### Brief:
When you reach the line that holds "INDIO, CALIF. -- SATURDAY, APRIL", start copying exactly and keep going through the final line of the data, leaving out pictures.

### Information supplied:
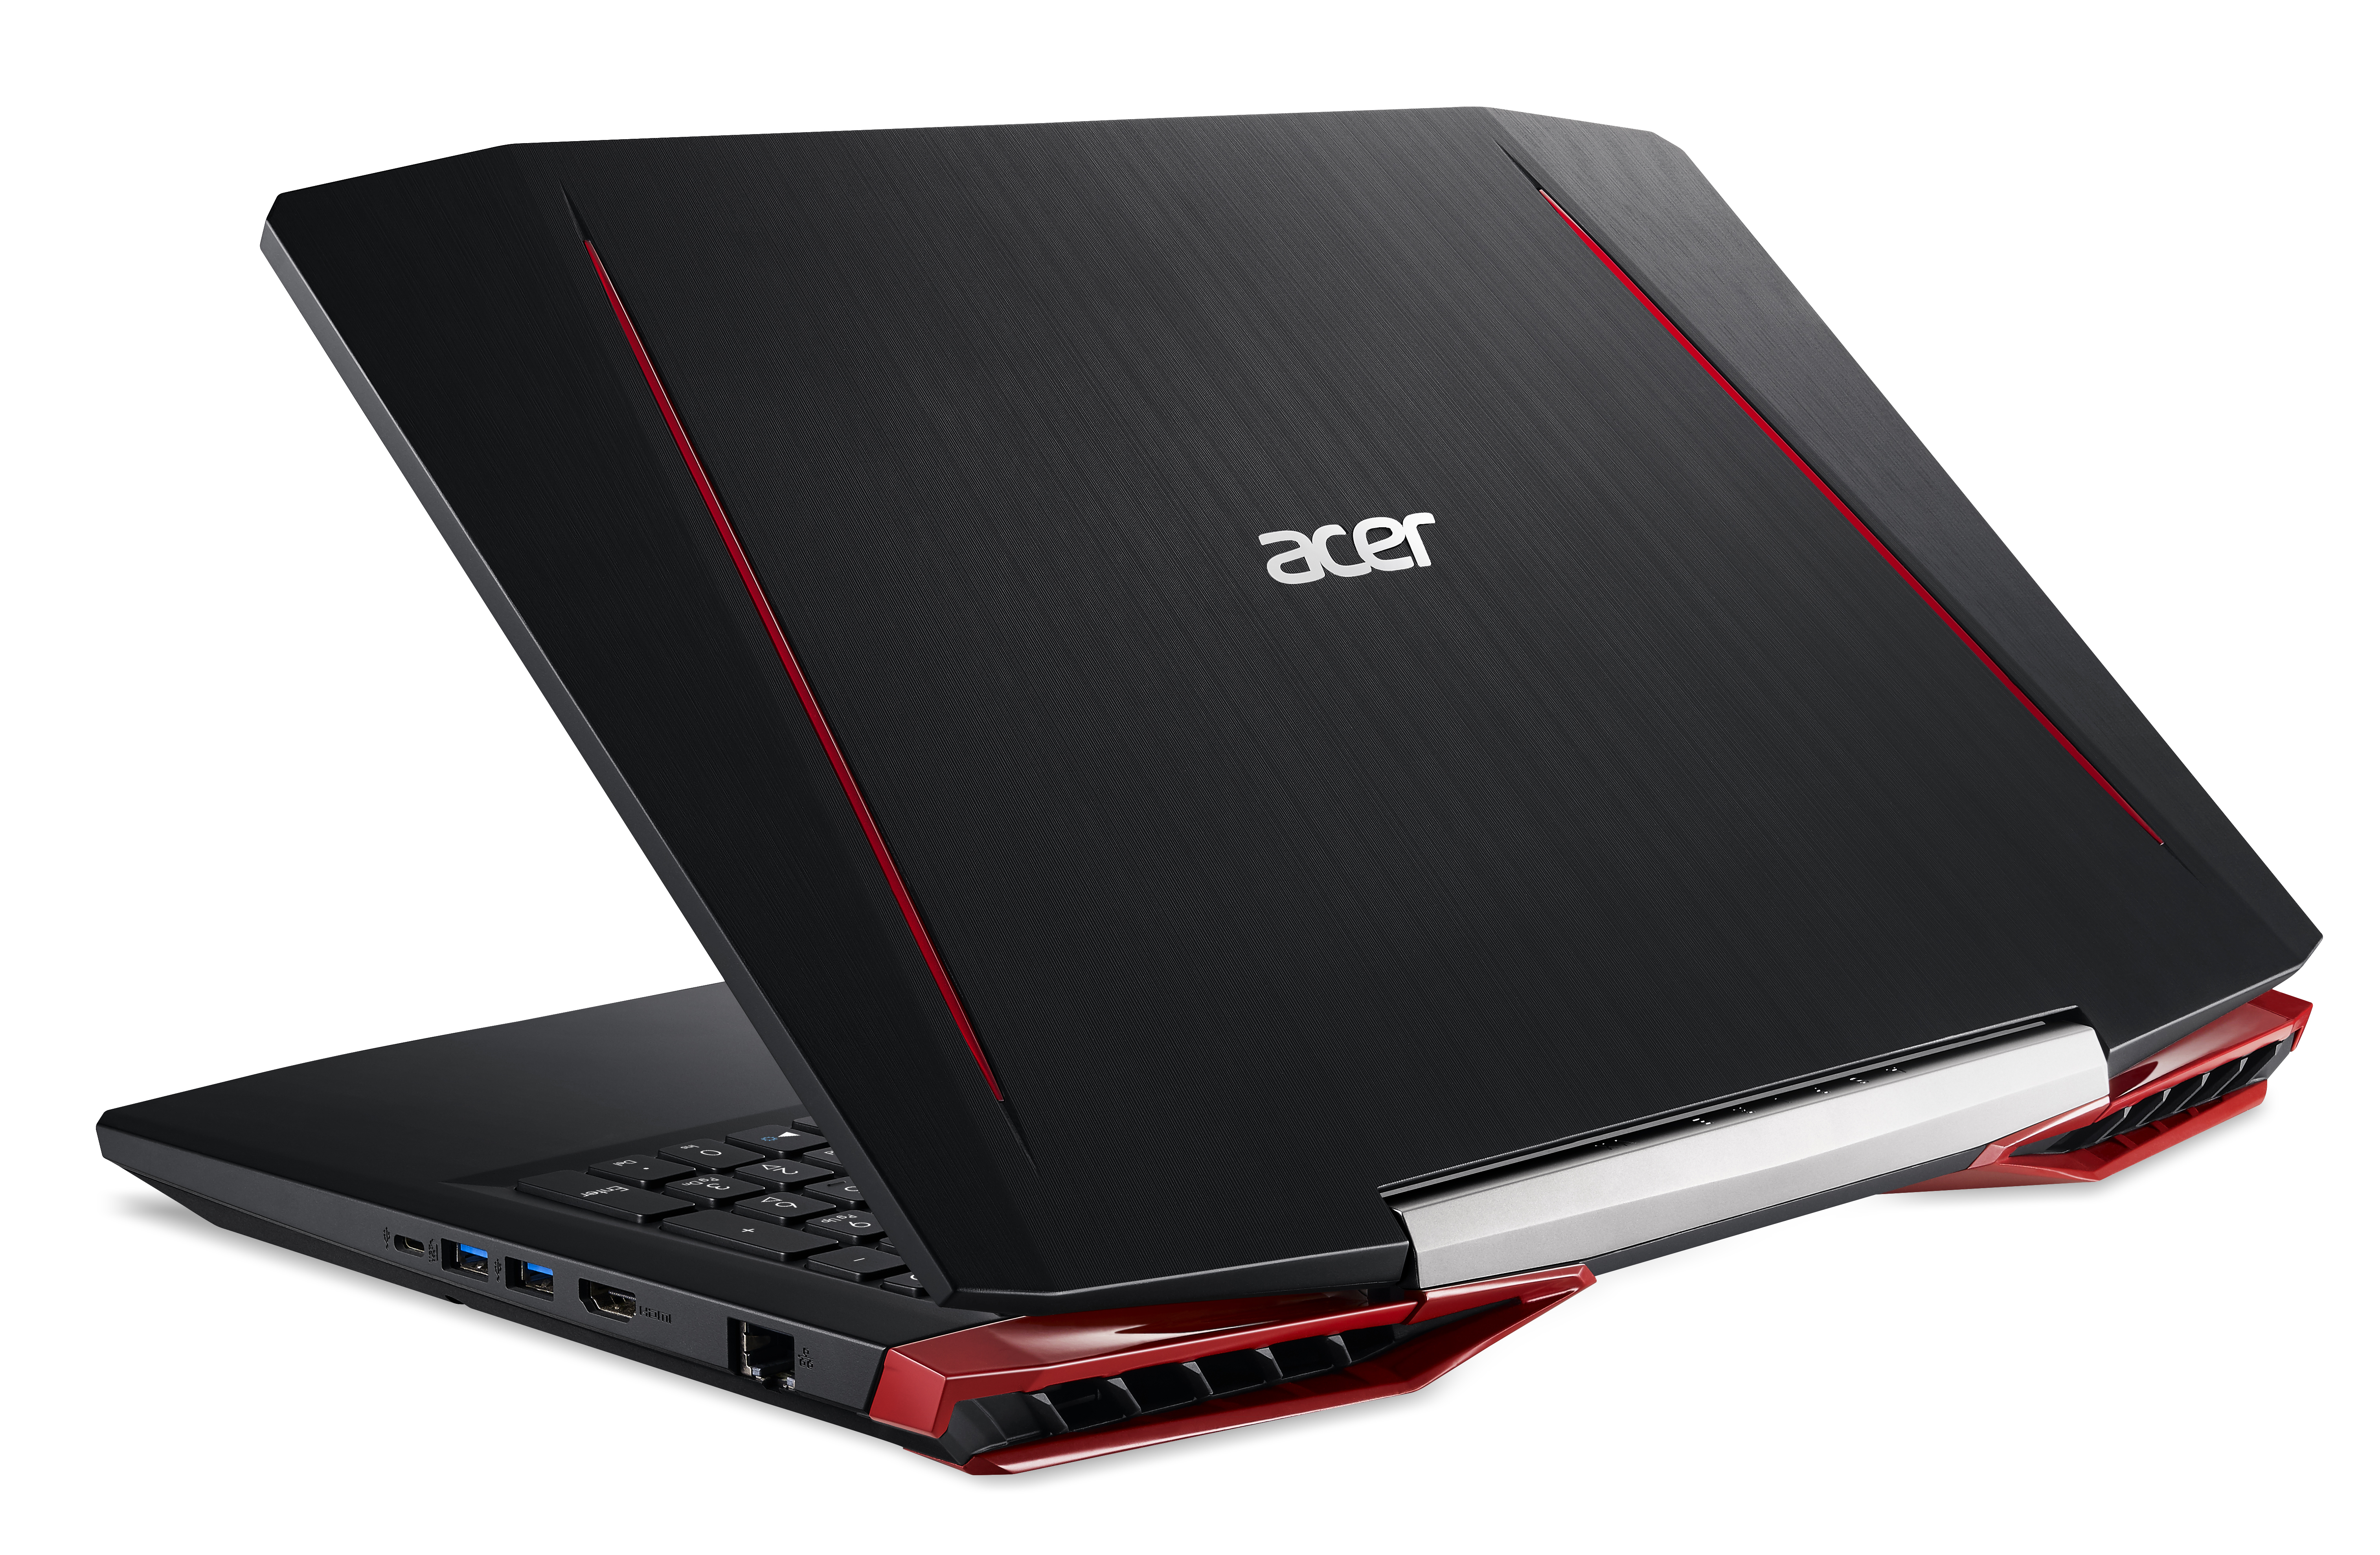 The Acer Aspire VX powered by Windows 10
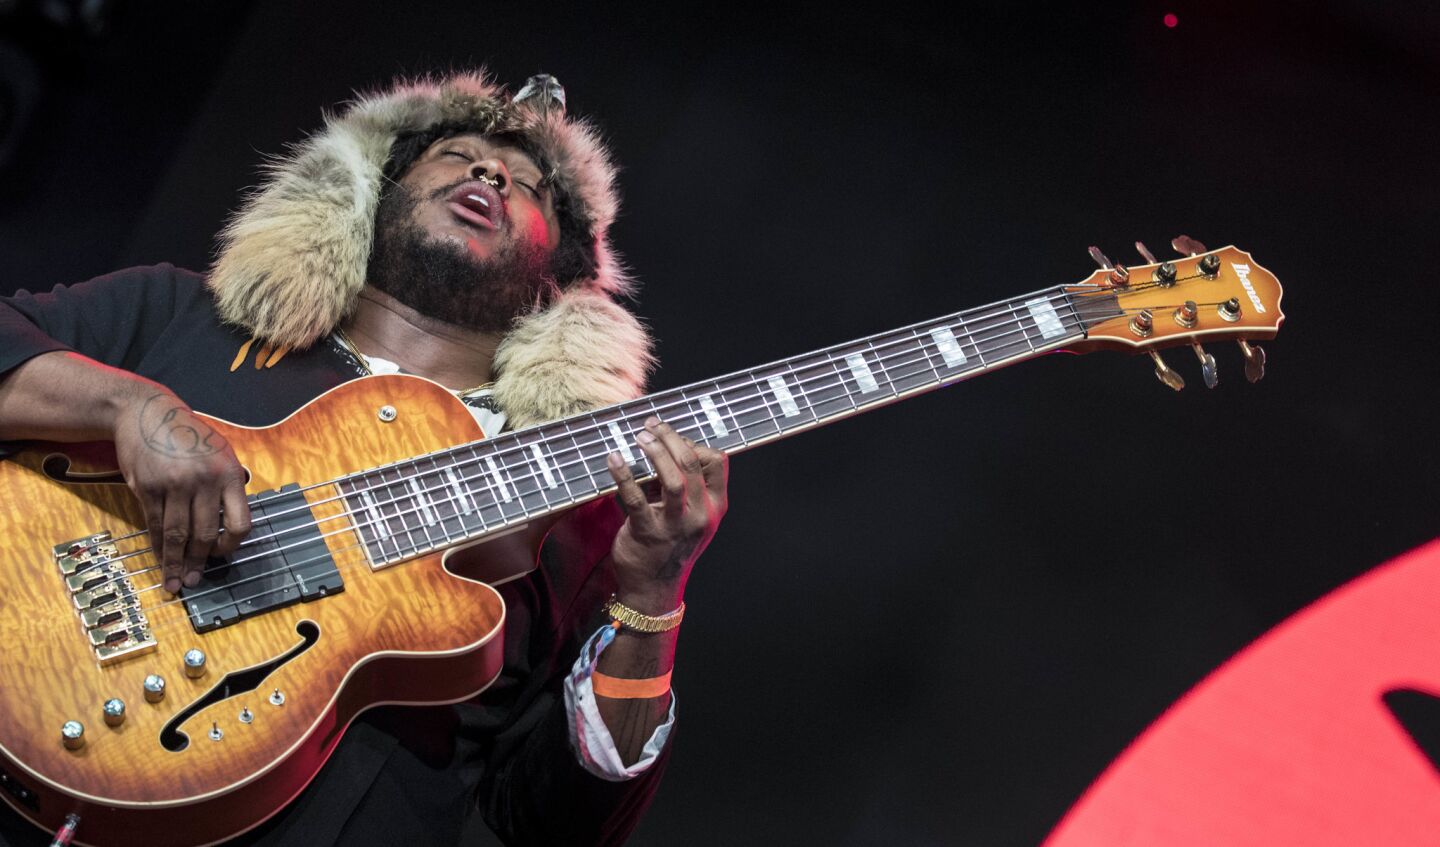 INDIO, CALIF. -- SATURDAY, APRIL 15, 2017: Bassist/songwriter/vocalist Stephen Bruner AKA Thundercat on the Mojave stage at the Coachella Music and Arts Festival in Indio, Calif., on April 15, 2017. (Brian van der Brug / Los Angeles Times)
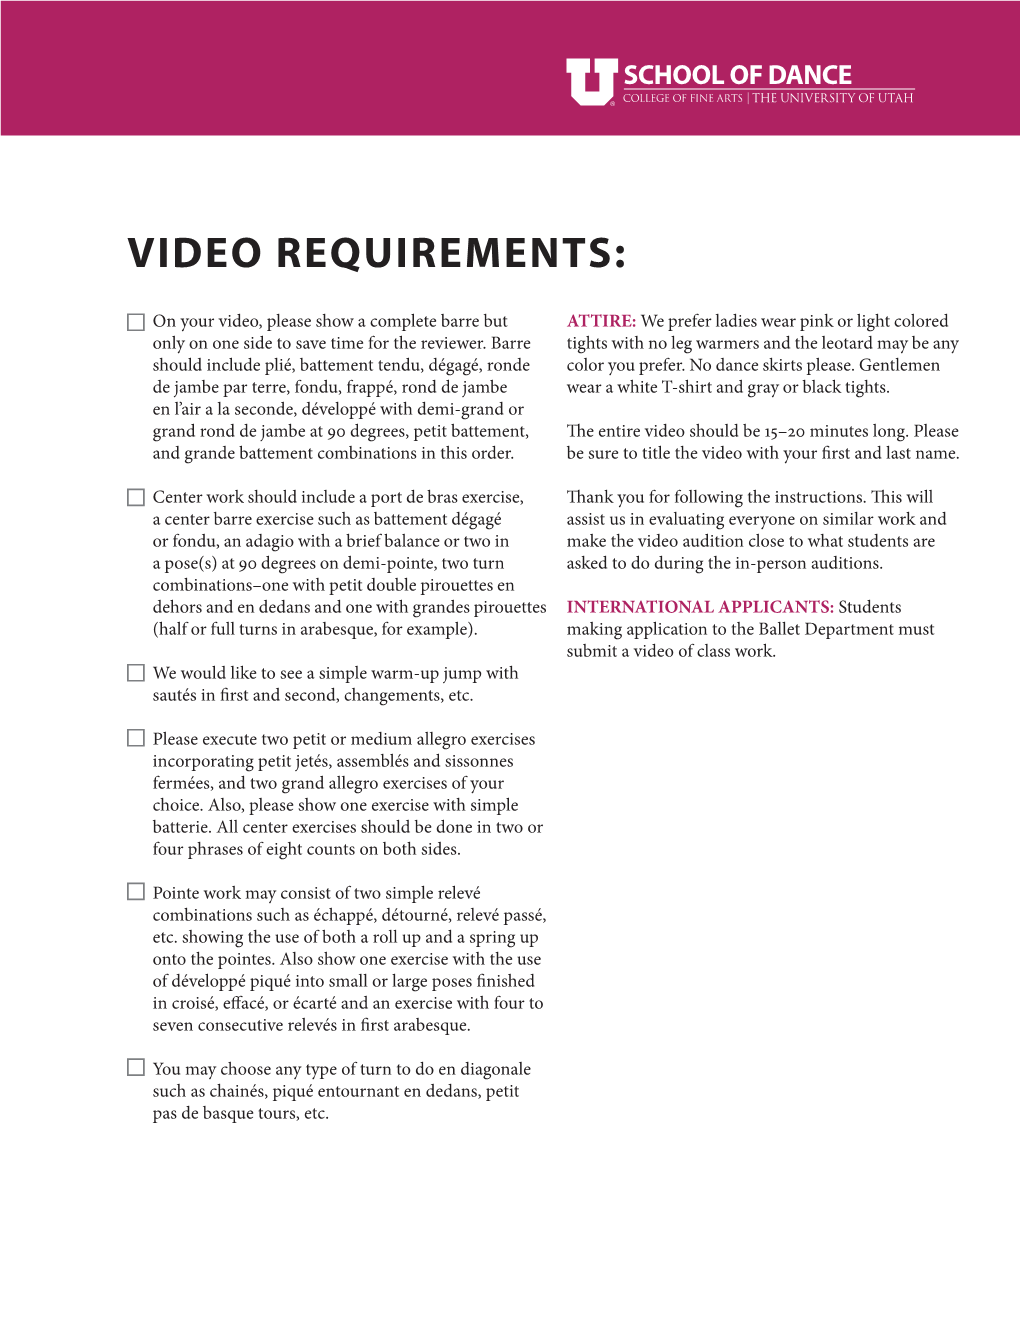 Video Requirements
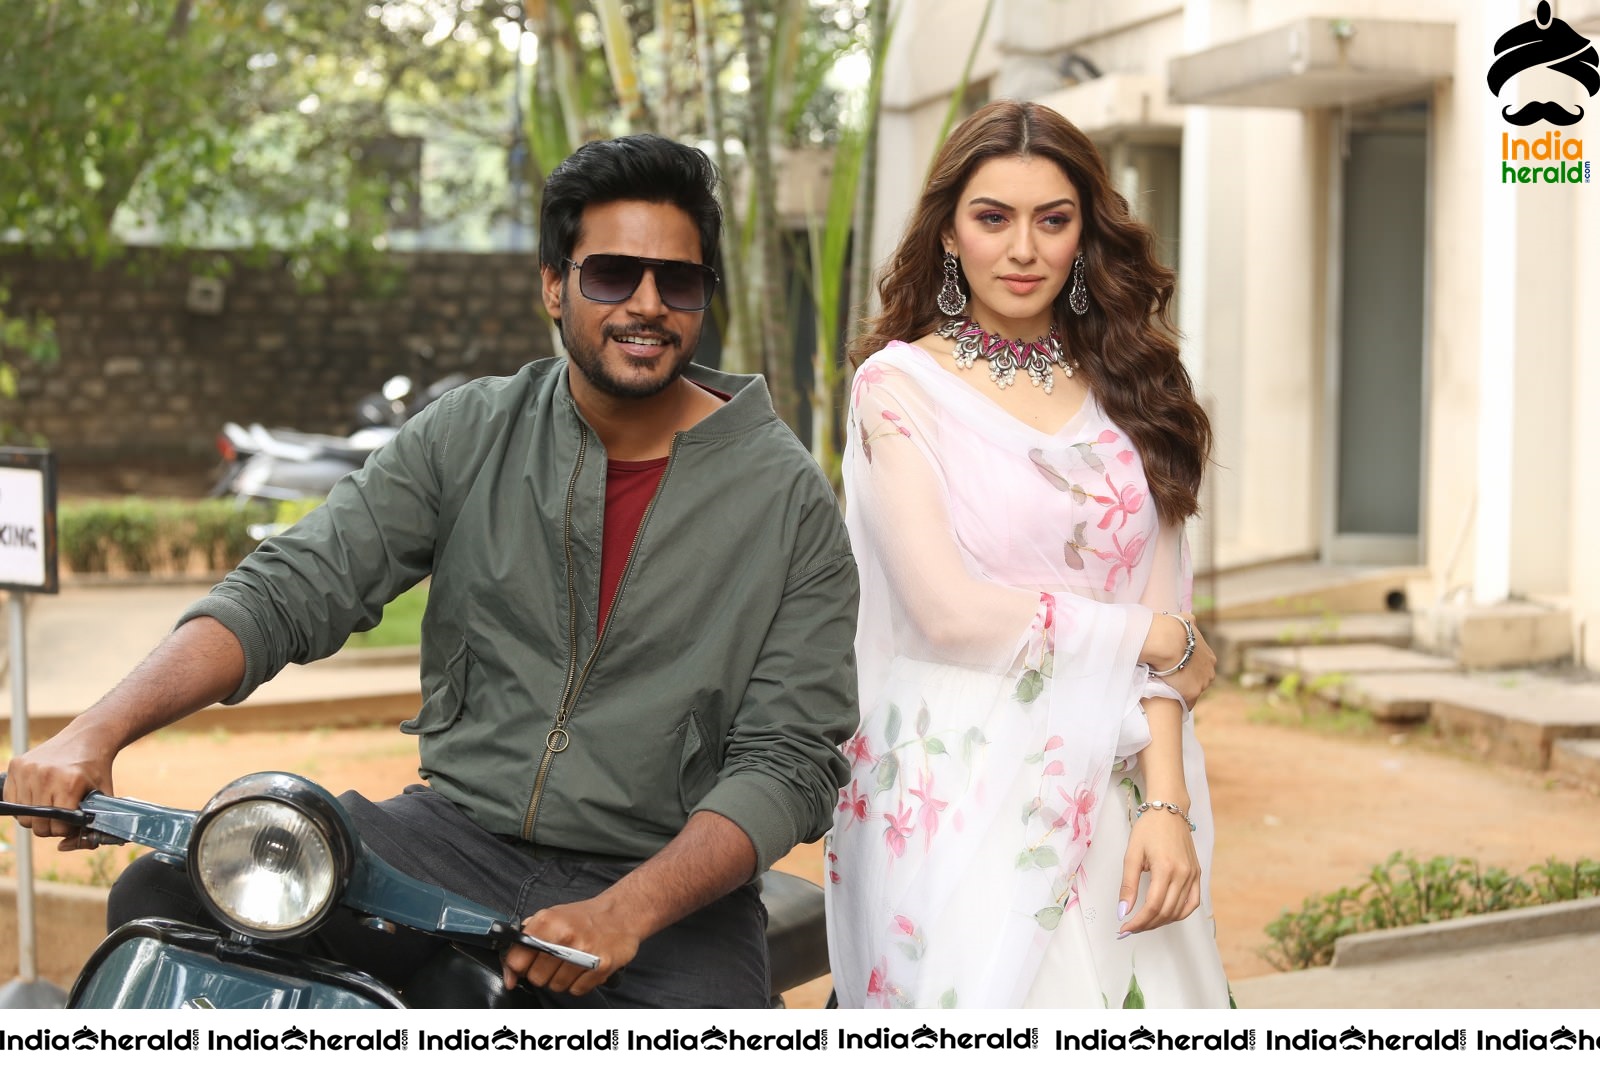 Actor Sundeep Kishan takes Photos along with Hansika sitting behind him in a Scooter Set 1

### Exercise response:
 INDIO, CALIF. -- SATURDAY, APRIL 15, 2017: Bassist/songwriter/vocalist Stephen Bruner AKA Thundercat on the Mojave stage at the Coachella Music and Arts Festival in Indio, Calif., on April 15, 2017. (Brian van der Brug / Los Angeles Times)
 Video Requirements
 Actor Sundeep Kishan takes Photos along with Hansika sitting behind him in a Scooter Set 1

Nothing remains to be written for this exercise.